When I was a teenager, I started seeing the instability as more of an issue. I transferred to Open Campus and took psychology, and realized while I was taking Abnormal Psych exactly what was going on. I consulted with my dad after I figured it out, and he confirmed it: she was paranoid schizophrenic.
It turns out that "figuring it out" when you're 16 is a whole different flavor of understanding from watching it become more and more obvious until the police take it into their own hands to have her evaluated and getting a formal diagnosis when you're 45.
For one thing, no matter how clear my own deduction was, and no matter the (information) confirmation by friends with a much greater understanding of psychology than my own, the formal diagnosis made it much more real. It's one thing to look at a situation and think, "Hey, yeah, this describes and explains the behavior very well." It's another thing entirely to look back over the past thirty years or so, after having a formal diagnosis, and say, "It's absolutely true. She was schizophrenic. How do I know what parts were real, and what parts were her delusion?"
I guess I will never know. I catch myself sometimes, in the middle of conversation, starting to tell a story from my mom and then stopping myself because I don't have verification from anyone else, so I have no idea if there's any truth to it.

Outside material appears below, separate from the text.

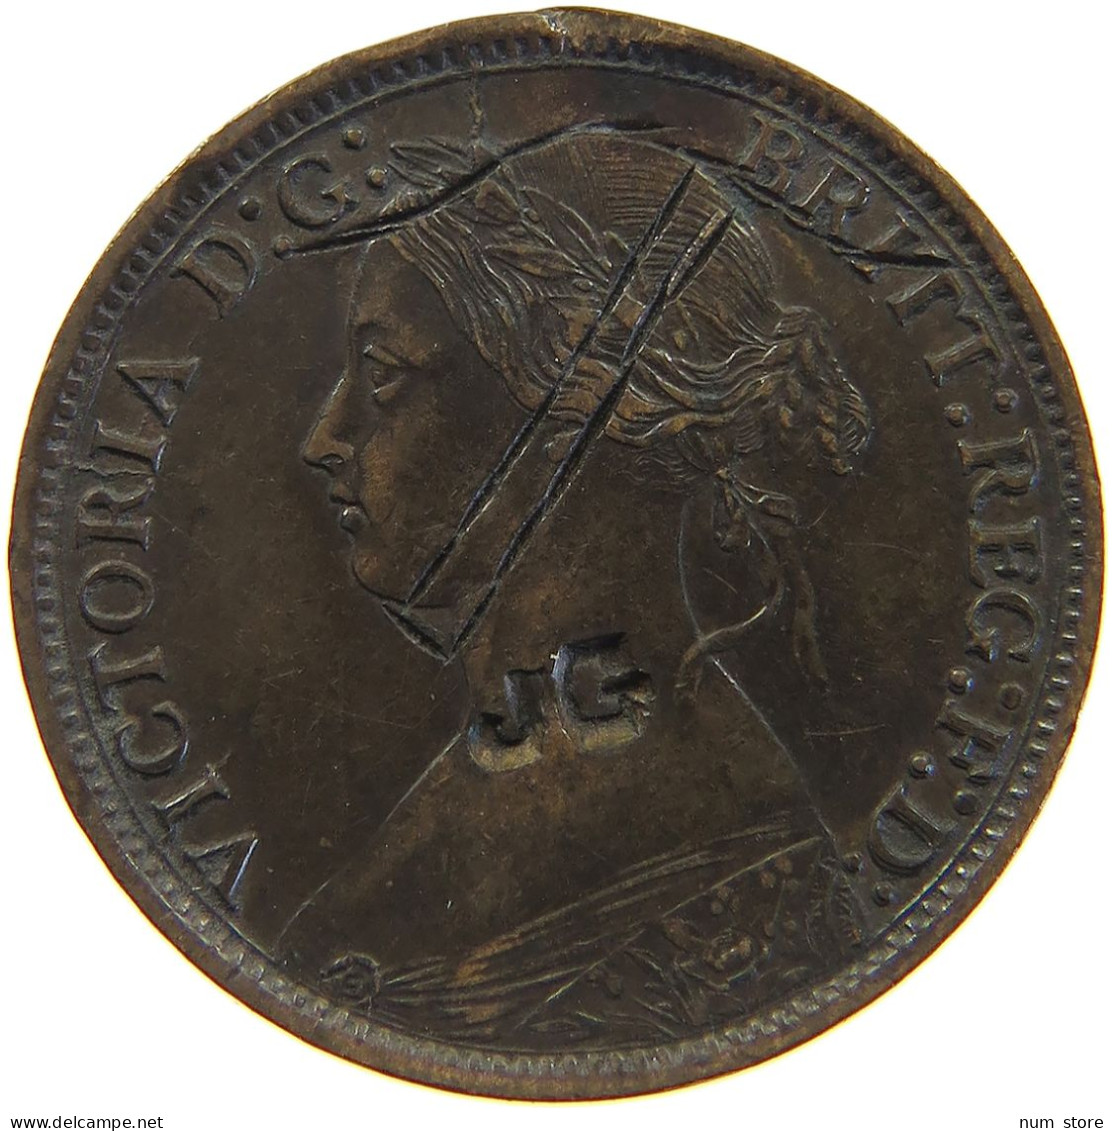 GREAT BRITAIN FARTHING 1866 Victoria 1837-1901 SATIRICAL HAT COUNTERMARKED JG #c050 0363 - B. 1 Farthing

I will end this with the thing that she started talking about a few years ago that really started me realizing how....well, crazy she really could be.
We were standing in the dining room of her house together, looking out the windows. She started grumbling about the scrub pine at the back of her property and how she hated pine trees.
Of course, I've always loved pine trees. I love the way they smell, I love the bark, the pine cones, the fact that you can make a tea from the needles that will help with a cold, the fact that every part of a pine tree is useful when they die, but they're beautiful when they're alive. I just love pine.
I said something to that effect, and she started ranting about how they killed people, they were dangerous, they would make you shrivel up and die. She gave an example (that I have not been able to verify, of course) of a family that had moved into a shack in the middle of a pine forest, and they had all turned black and died. She was adamant that it had been caused by the pines, and would hear nothing of my statements about the bioflavanoids found in the needles, or any other benefits they might have, and refused to believe me even when I provided scientific studies.
I guess at that point, I really started to figure out that you can't argue with insanity.